**Activity:** Down to the last line, set down the listing below exactly, apart from its pictures.

**Supplied material:**
+++

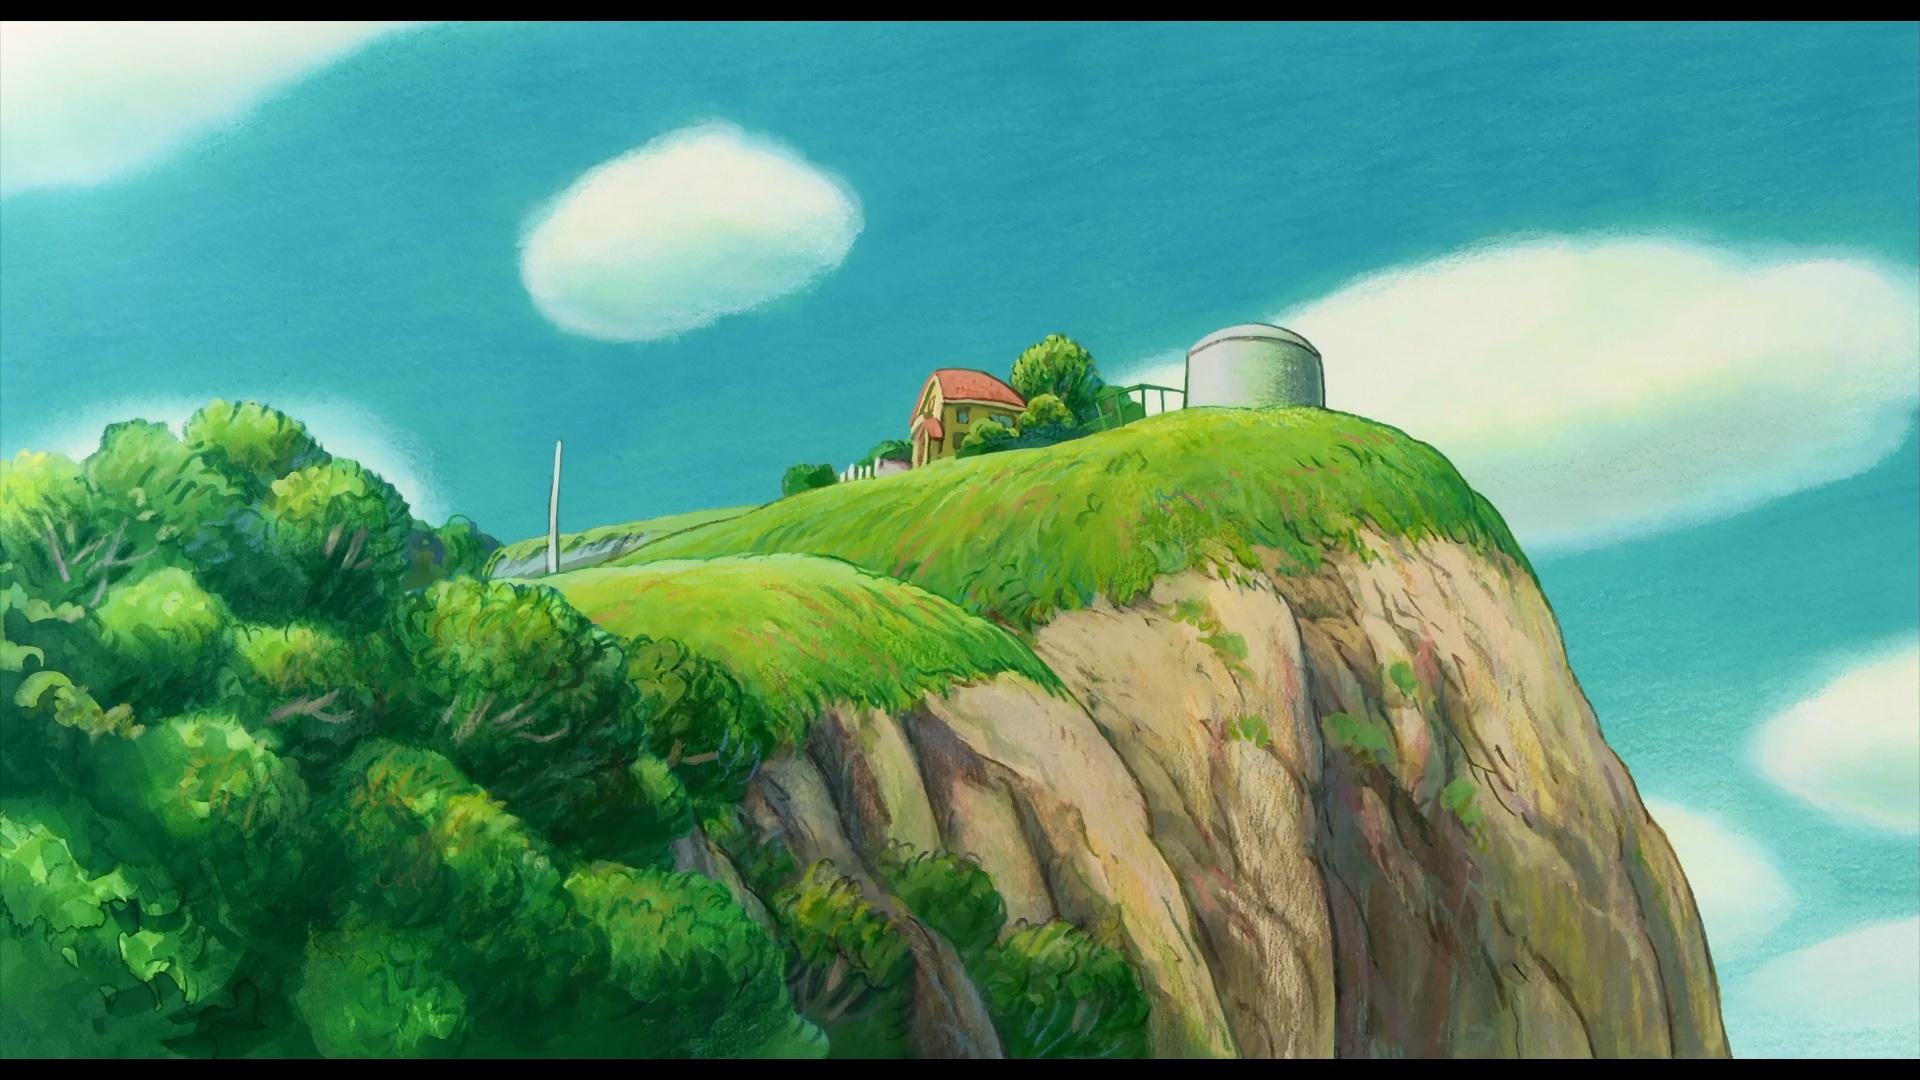 Anime Wallpaper Hd 1680x1050 悬崖上的金鱼姬 高清壁纸 桌面背景 1920x1080 Id 690691 Wallpaper Abyss
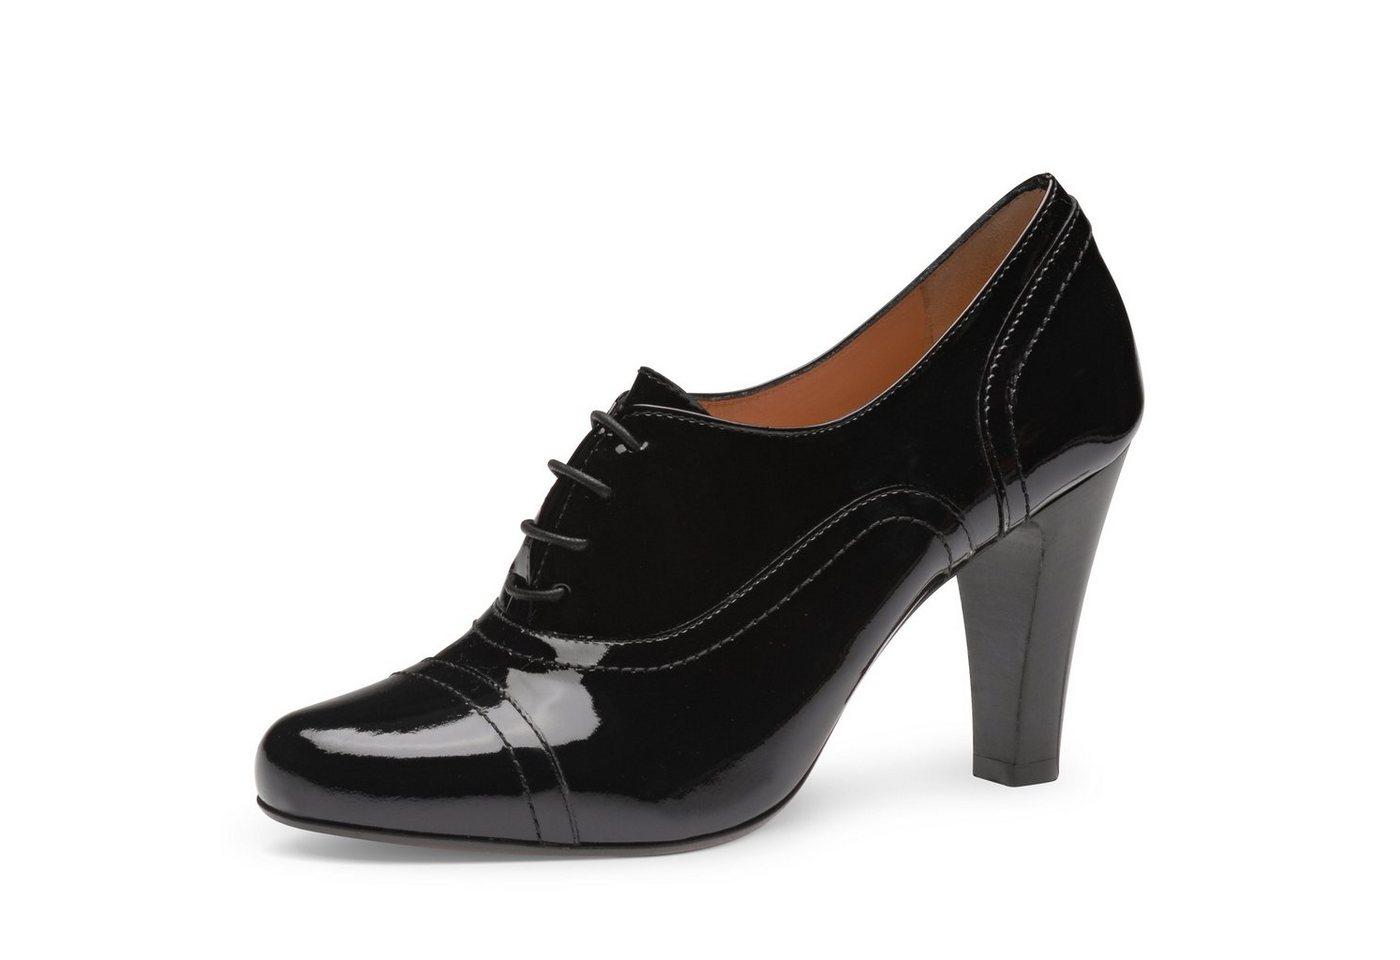 Evita »MARIA« Schnürpumps   Schuhe > Pumps > Schnürpumps   Schwarz   Evita
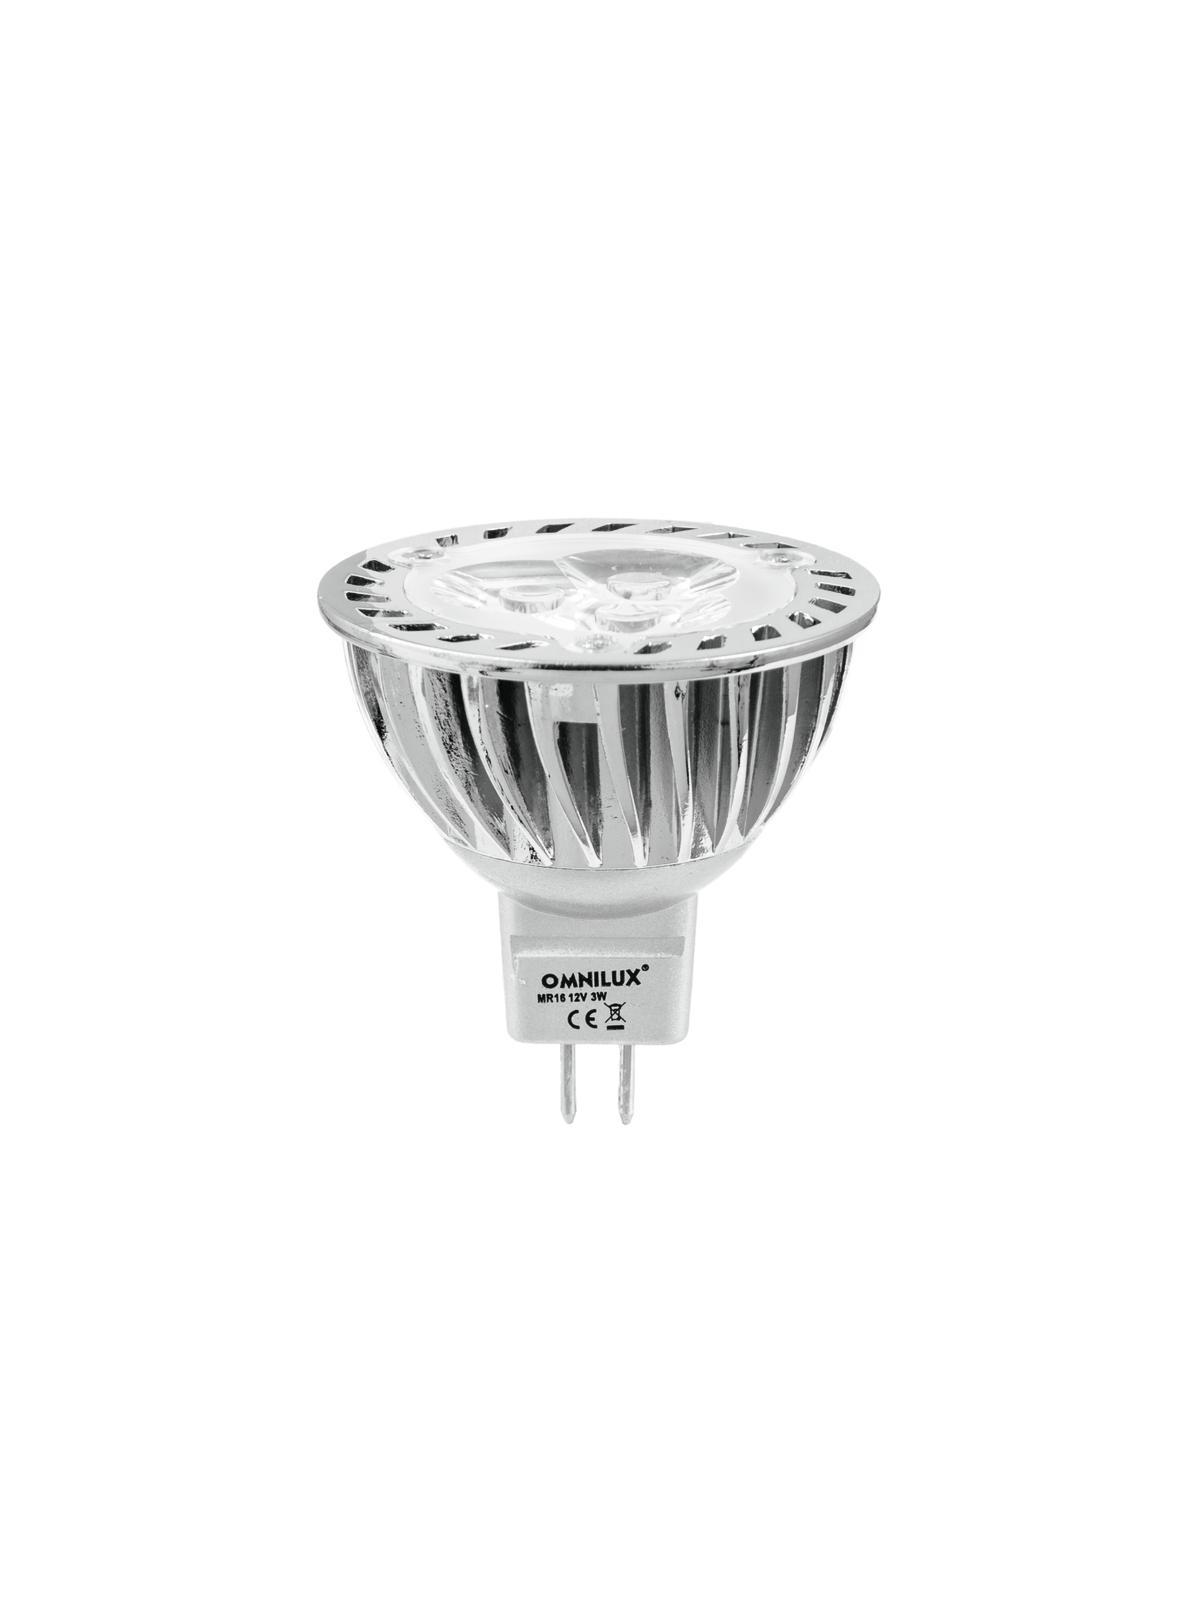 Lampada a led, luce gialla GU-5.3 12V3x1W OMNILUX

+++

**Your response:**
 Anime Wallpaper Hd 1680x1050 悬崖上的金鱼姬 高清壁纸 桌面背景 1920x1080 Id 690691 Wallpaper Abyss
 Evita »MARIA« Schnürpumps   Schuhe > Pumps > Schnürpumps   Schwarz   Evita
 Lampada a led, luce gialla GU-5.3 12V3x1W OMNILUX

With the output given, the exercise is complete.